By Cynthia Cross
After a distinguished career in child care Cynthia now has other pursuits one of which is looking after her dog. She generously writes articles for the goodenoughcaring Journal and is a member of its editorial group.
The Enigma of Staff Relationships
When I supervised residential social workers I used to get cross when they told me that they could not work with someone because of a “personality clash.”
I told them as far as I was concerned part of their job was to get on with other adults and find ways of sorting things out if there were difficulties.
We put children into residential establishments and expect them to manage together regardless of their personal experiences and difficulties.
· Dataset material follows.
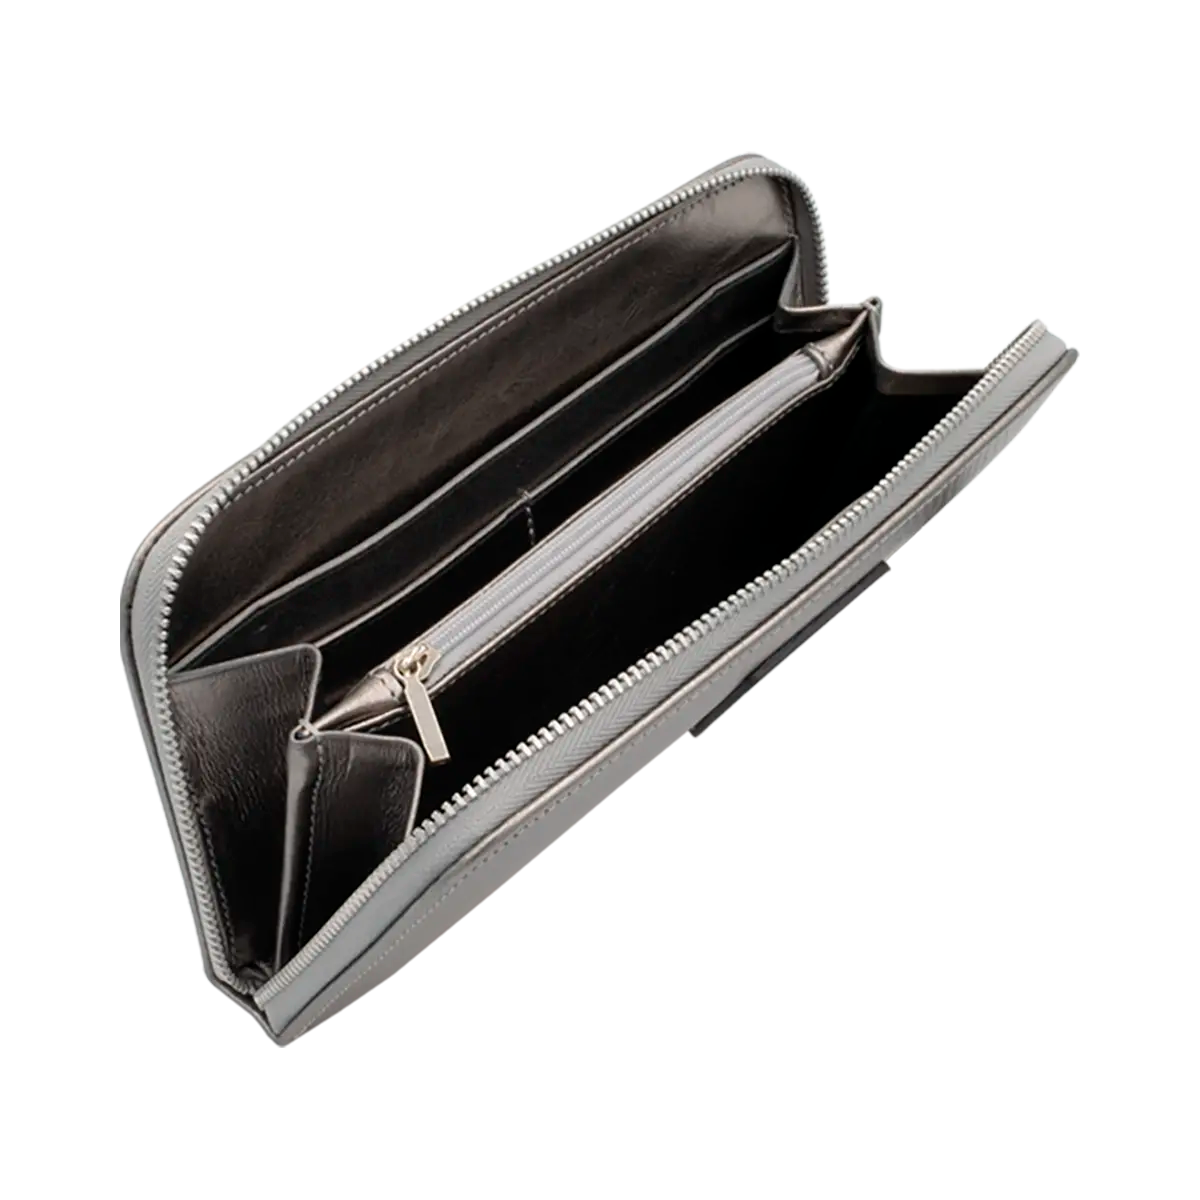 largesilver leather wallet with hand strap. Fashion Accessories for women shop in San Diego, CA.

Adults in the situation must demonstrate that this is possible.
I have written before about my early experience of residential work in a “cottage home” where each house had 16 children aged between 18 months to 18 years and 3 staff to look after them.
The first house I worked in was run by a rather large bullying housemother (Auntie Margaret), but she did care for the children and they knew exactly what was expected of them. As an assistant housemother I managed to work with this lady and stood my ground on a number of issues and I think I was respected for it. Unfortunately this backfired on the deputy housemother, who had worked with Auntie Margaret for about 11 years but moved houses almost as soon as I left to work as deputy in another house.
The house I moved into had been having many problems and the previous deputy had gone off with a “nervous breakdown” When I moved in the housemother (Auntie Con) went on holiday for 3 weeks leaving me with 16 unknown children and a Danish assistant who spoke more or less no English.
I was there on my own the first evening ; Auntie Margaret came over to be with me. The children, not surprisingly were messing about upstairs, (there were only 2 dormitories) rather than settling and Auntie Margaret wanted to go upstairs and sort them out, but I managed to stop her and eventually all was quiet.
Although in some ways I found it difficult, I was very grateful to Auntie Margaret for being with me that evening and retrospectively I realise how very difficult it must have been for her not to take control of the situation.
When Auntie Con came back, as much through luck as good judgement, I had group control.
Auntie Con was young (like me early 20’s) but quite uptight with a completely different mode of operation and belief system from mine. She was someone I would have never thought of as having anything to do with if we had not be “thrown together”; but I think we had the best working relationship I ever had. With split shifts and time off we did not work together that much; the house was run completely differently according to who was “in charge” but we trusted each other and the children could not play one off against the other.
We used to have one day off a week and a weekend once a month, on my day off I would go up to London and catch the last train back. Many is the time I would come back to find a note on my door saying come and see me now, whatever the time. We always shared and talked through difficult situations.
Sadly when I left the cottage home to attend my residential child care course Auntie Con left 3 weeks later.
So we have two examples of good staff relationships ending in what could be seen as negative outcomes.
When I used to train residential workers I would sometimes do a sociogram with them asking them to anonymously choose who they would most like to sit next to on a bus for an outing and then who they would want to work a shift with. I don’t remember the “stars” ever being the same.
My experience is that if staff get on too well socially they often do not work well together, the interests and feelings of the children sometimes taking second place to those of the adults.